O homem não deve colocar-se no lado de fora, como algo à parte da Criação, porque é um permanente convidado a entrar e ocupar a sala... Ao criar o homem e todas as coisas, Deus não utilizou nenhuma matéria-prima estranha, apenas fragmentou sua própria luz. Por isso dizer-se que fez o homem à sua imagem e semelhança. Ao proclamar-se pequeno, o homem nega essa origem, nega a luz de que se compõe.
O corpo é apenas força física, o espírito é força consciente. Mas tem o homem grande responsabilidade com sua vestimenta carnal, cabendo-lhe preservá-la para que não se impurifique e se degrade, porque ela abriga o espírito enquanto durar sua incursão terrena. E eis então que a morte não existe: com o desenlace, ocorre apenas que o espírito despe-se da vestimenta. Mortos, portanto, não falam (e têm razão os que o afirmam), simplesmente porque mortos não existem...
O espírito comanda o corpo, dá-lhe autenticidade, permite-lhe que se movimente, que funcionem seu intelecto e todos os seus órgãos. O espírito é a vida de Deus no homem. E como tal, tudo pode. Manifesta-se não pela razão, que é analítica, mas pela intuição. A intuição não comete equívocos. Costuma-se dizer que é a voz do coração.
Uma só energia comanda todas as coisas do universo cósmico, e tudo é uma só unidade. O homem, portanto, não é pequeno, porque partícula da Soma divina. É certo, sim - e não há doutrina que pense diferente - que essa partícula individualizada tem uma só vida, que se originou nos tempos eternos e durará todo o sempre; por isso que cada ser não é novo no universo e não tem a idade de seu registro de nascimento. Mas essa vida única, nunca truncada, veio experienciando sucessivas passagens pela densidade da matéria. Por isso a memória de experiências precedentes. Temos admitido que somos eternos, não? Não seríamos eternos se houvéssemos tido começo apenas na vida que hoje vivemos, porque eternidade pressupõe sem princípio nem fim. O que nasceu no dia de nosso aniversário foi apenas este corpo que temos. O espírito - a única vida - preexistia.
Óbvio que o poder não está na fisicalidade do homem. Está em sua substância cósmica, que é o seu substrato. O mundo carnal é o ilusório, o mundo espiritual é a realidade. O anormal é estarmos habitando este corpo carnal, o normal é retornarmos à integralidade de nossa dimensão etérica. E por que estamos aqui, desta forma humana?
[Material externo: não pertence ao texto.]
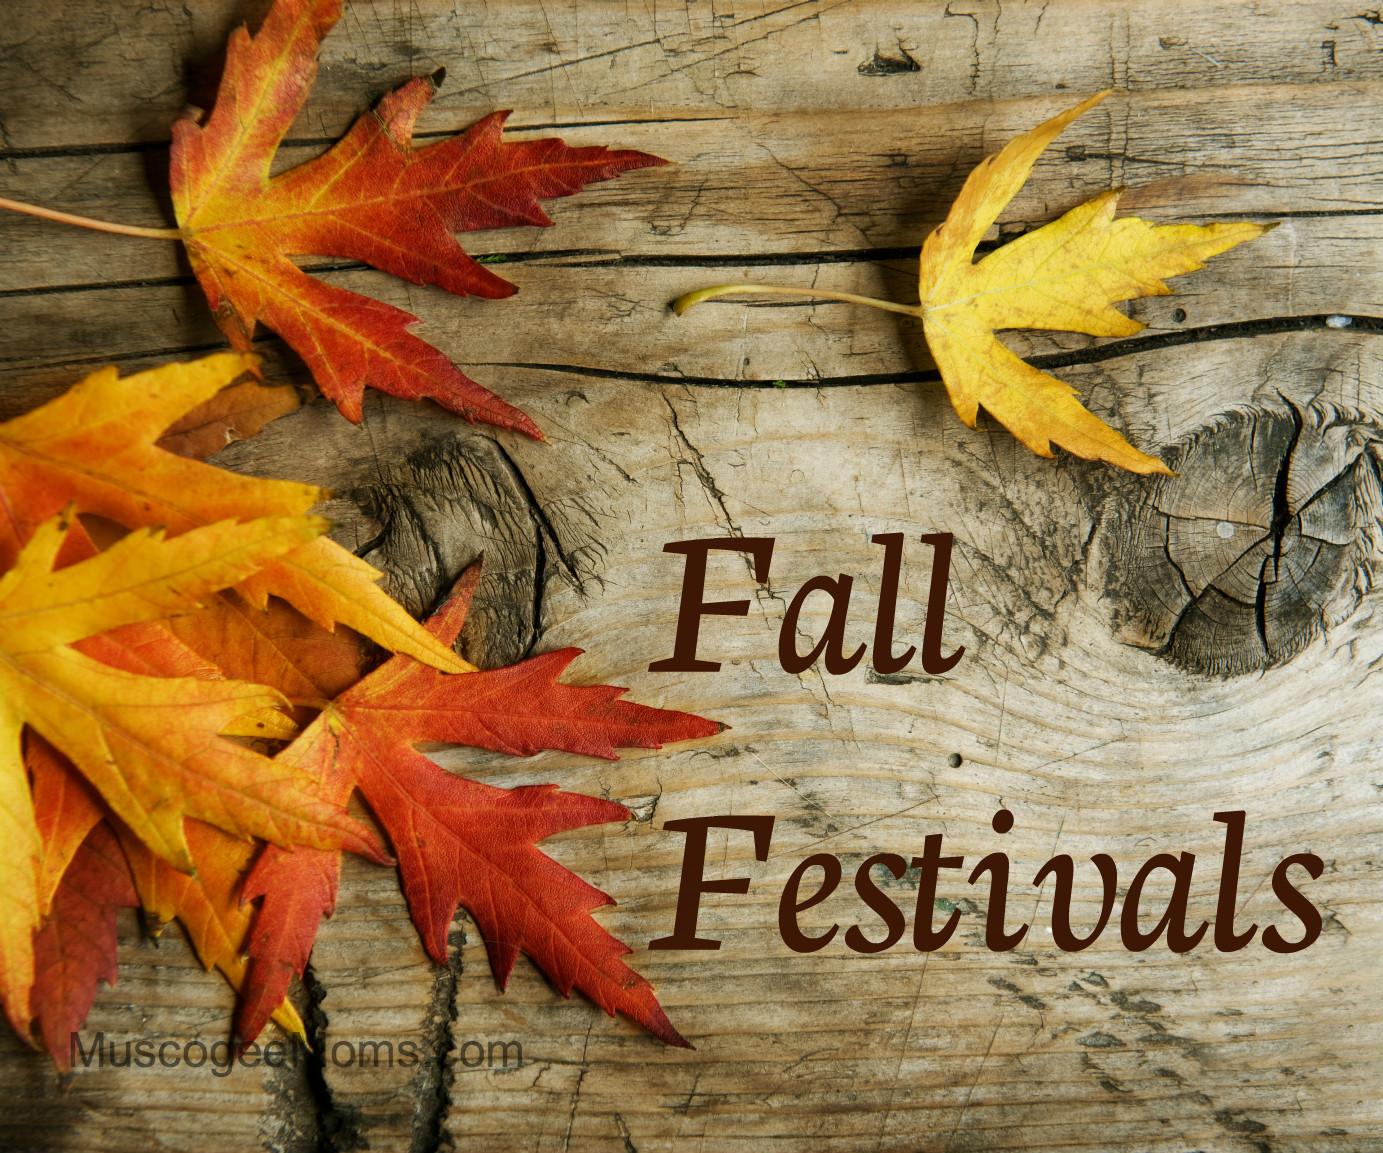 Fall Festivals Guide

Porque viemos para divinizar a Terra. E, quase que invariavelmente, por nossa livre vontade, cooperando com os planos de Deus para este mundo, uma de suas muitas moradas. Por isto nos permitiu o livre arbítrio.
Somos oriundos de muitas origens e muito mais velhos do que nos supomos. Por isso que não podemos nos limitar ao nível dos nossos cinco sentidos. Tudo é uma só consciência, fazemos parte dela; então, nem que o quiséssemos conseguiríamos nos apartar. Mesmo os que temporariamente se dispersam, ainda assim não se apartam.
A que nos vem de dentro, esta é a palavra da verdade, porque esta tem origem genuína, insuspeita, por que oriunda da Grande Fonte. Não é de sabedoria darmos validade, a piori, às coisas que nos chegam de fora (estes escritos incluídos), quando ainda não escutamos nossa voz interior. Se nos sintonizarmos com ela não cometeremos equívocos. Não podemos permitir, por comodidade e preguiça mental, que outras cabeças pensem e decidam por nós, que vozes de fora nos aprisionem em idéias de pequenez. Porque todos nascemos livres e para ser livres.